**Problem**: Leave out the pictures and repeat exactly the lines from the one containing "华为如何应对国际化竞争与合作(蓝狮子速读系列-管理029)" through the final line of the listing below.

(Beginning of Dataset content)

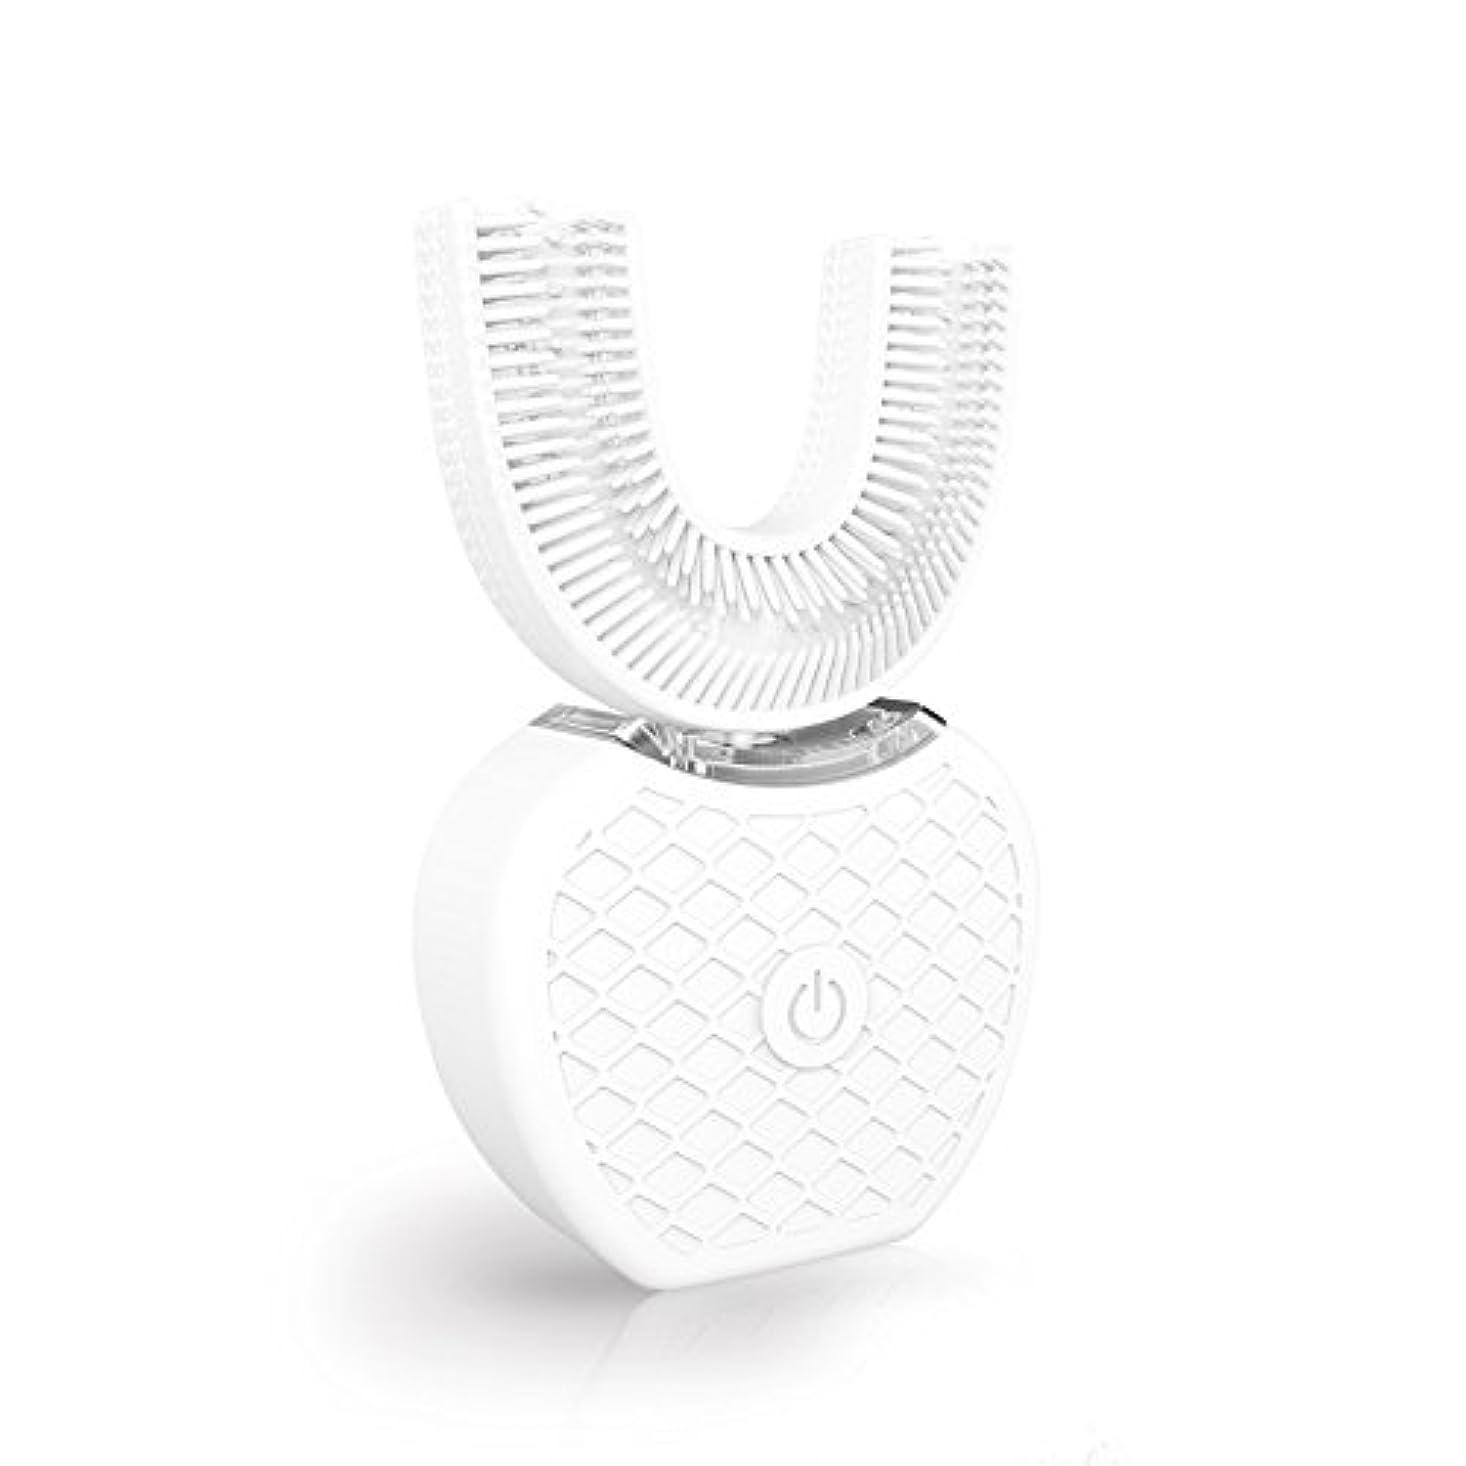 おとこピンポイント無視HANSHUMY 自動歯ブラシ 怠け者歯ブラシ ナノブルレー 電動 U型 超音波 専門360°全方位 4段調節 15秒に細菌清浄 IPX7レベル防水 自動 歯ブラシ ホワイト
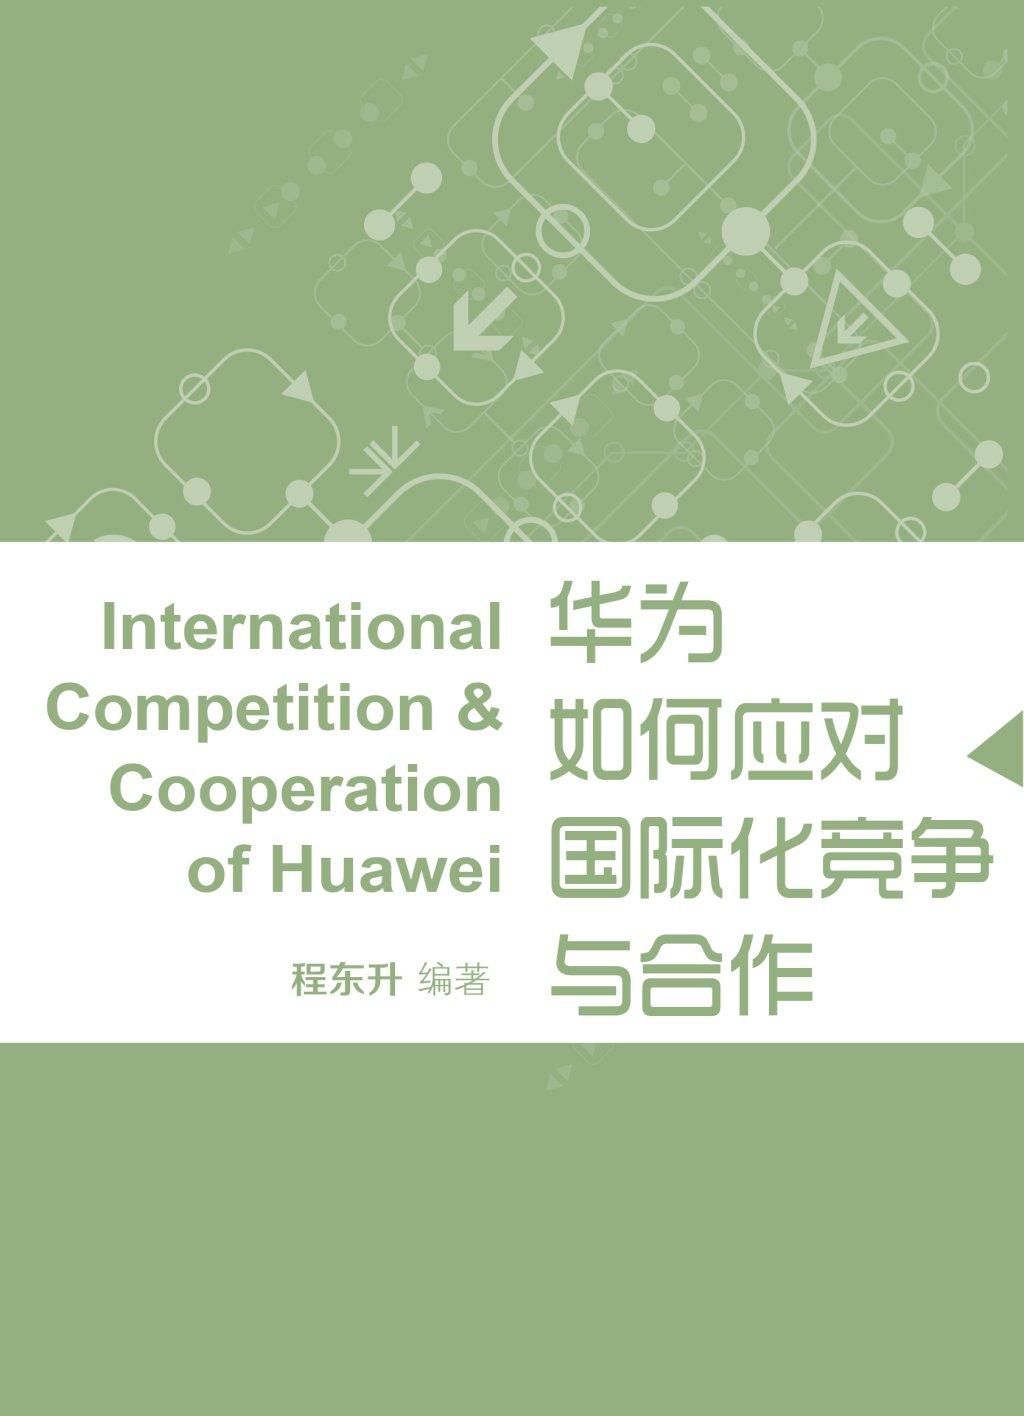 华为如何应对国际化竞争与合作(蓝狮子速读系列-管理029)
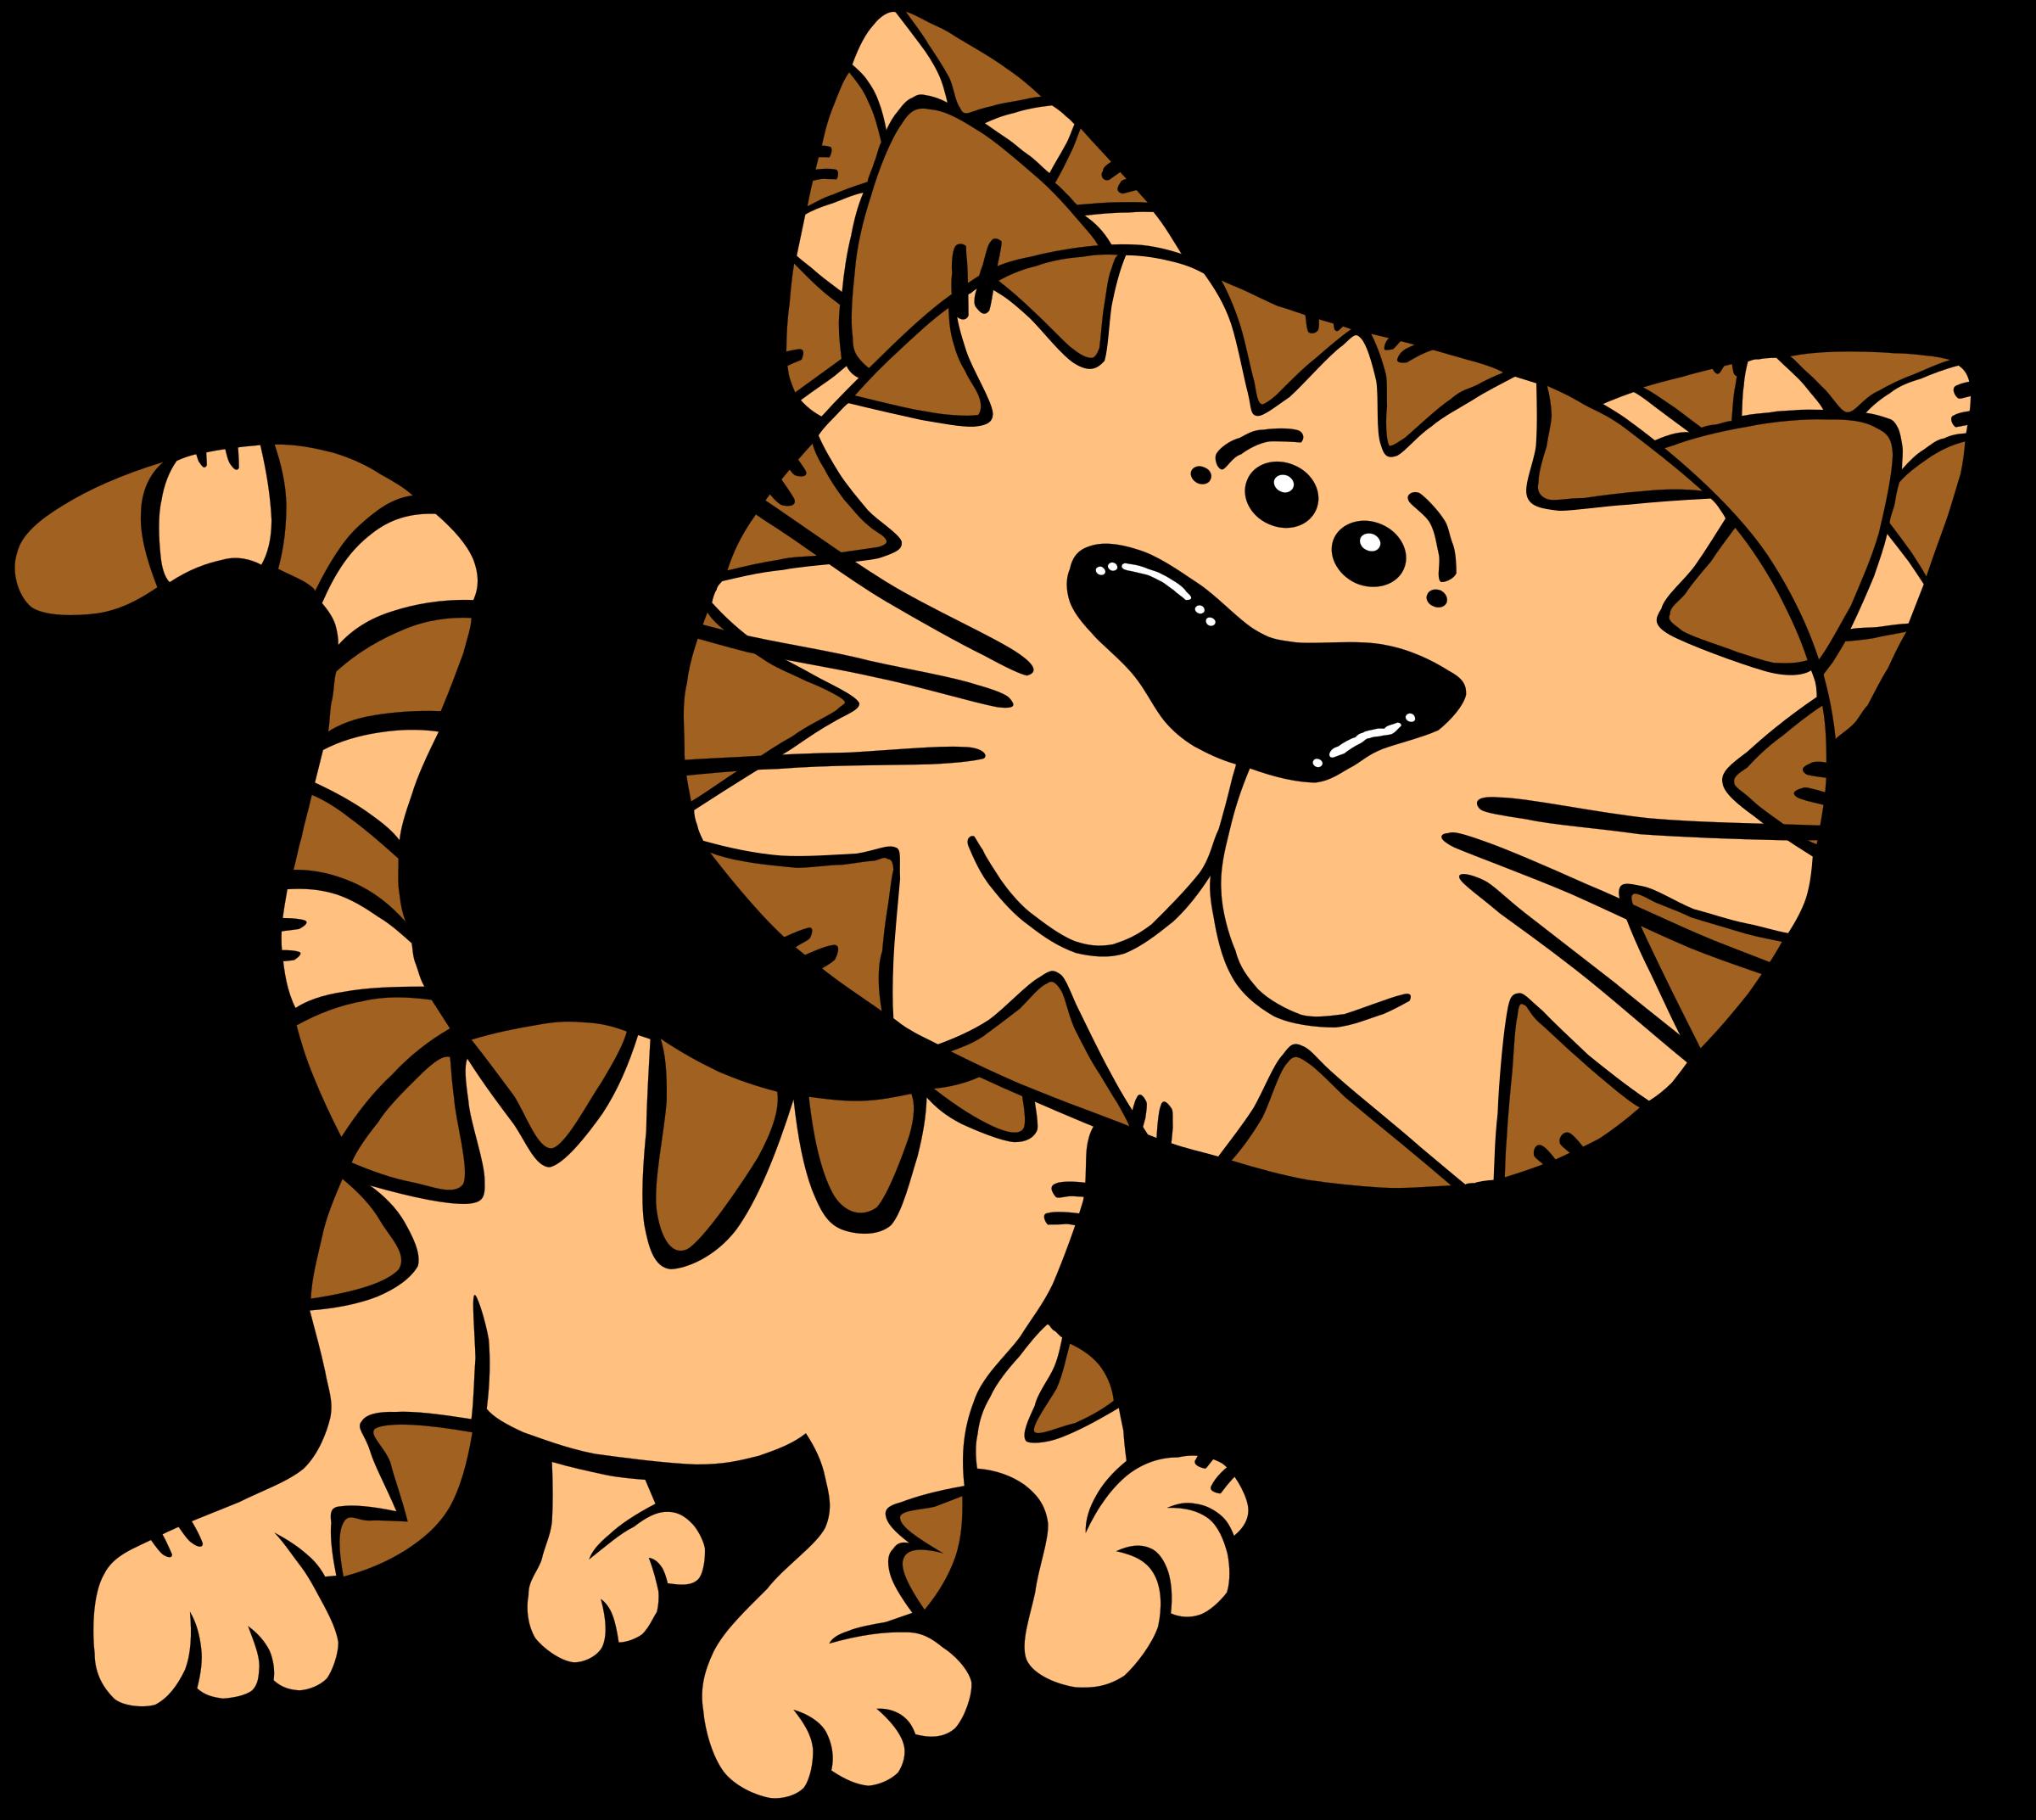 Cat big image png. Clipart walking cartoon
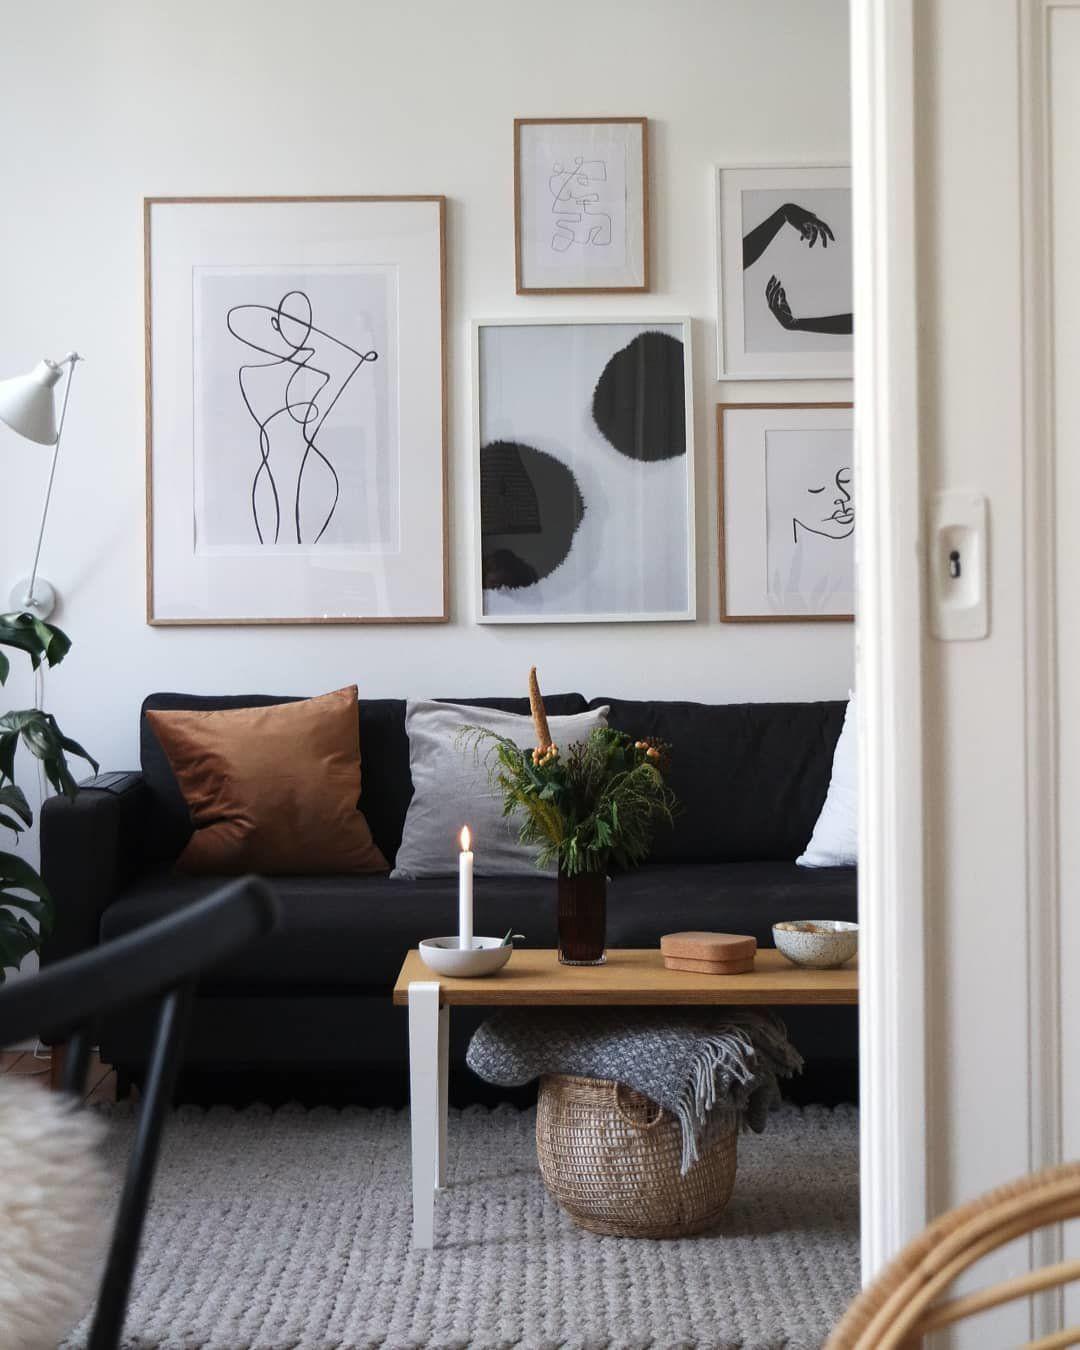 bilder aufh ngen die besten tipps tricks und inspirationen seite 7. Black Bedroom Furniture Sets. Home Design Ideas

(End of Dataset content)

**Exercise response**:
 华为如何应对国际化竞争与合作(蓝狮子速读系列-管理029)
 Cat big image png. Clipart walking cartoon
 bilder aufh ngen die besten tipps tricks und inspirationen seite 7. Black Bedroom Furniture Sets. Home Design Ideas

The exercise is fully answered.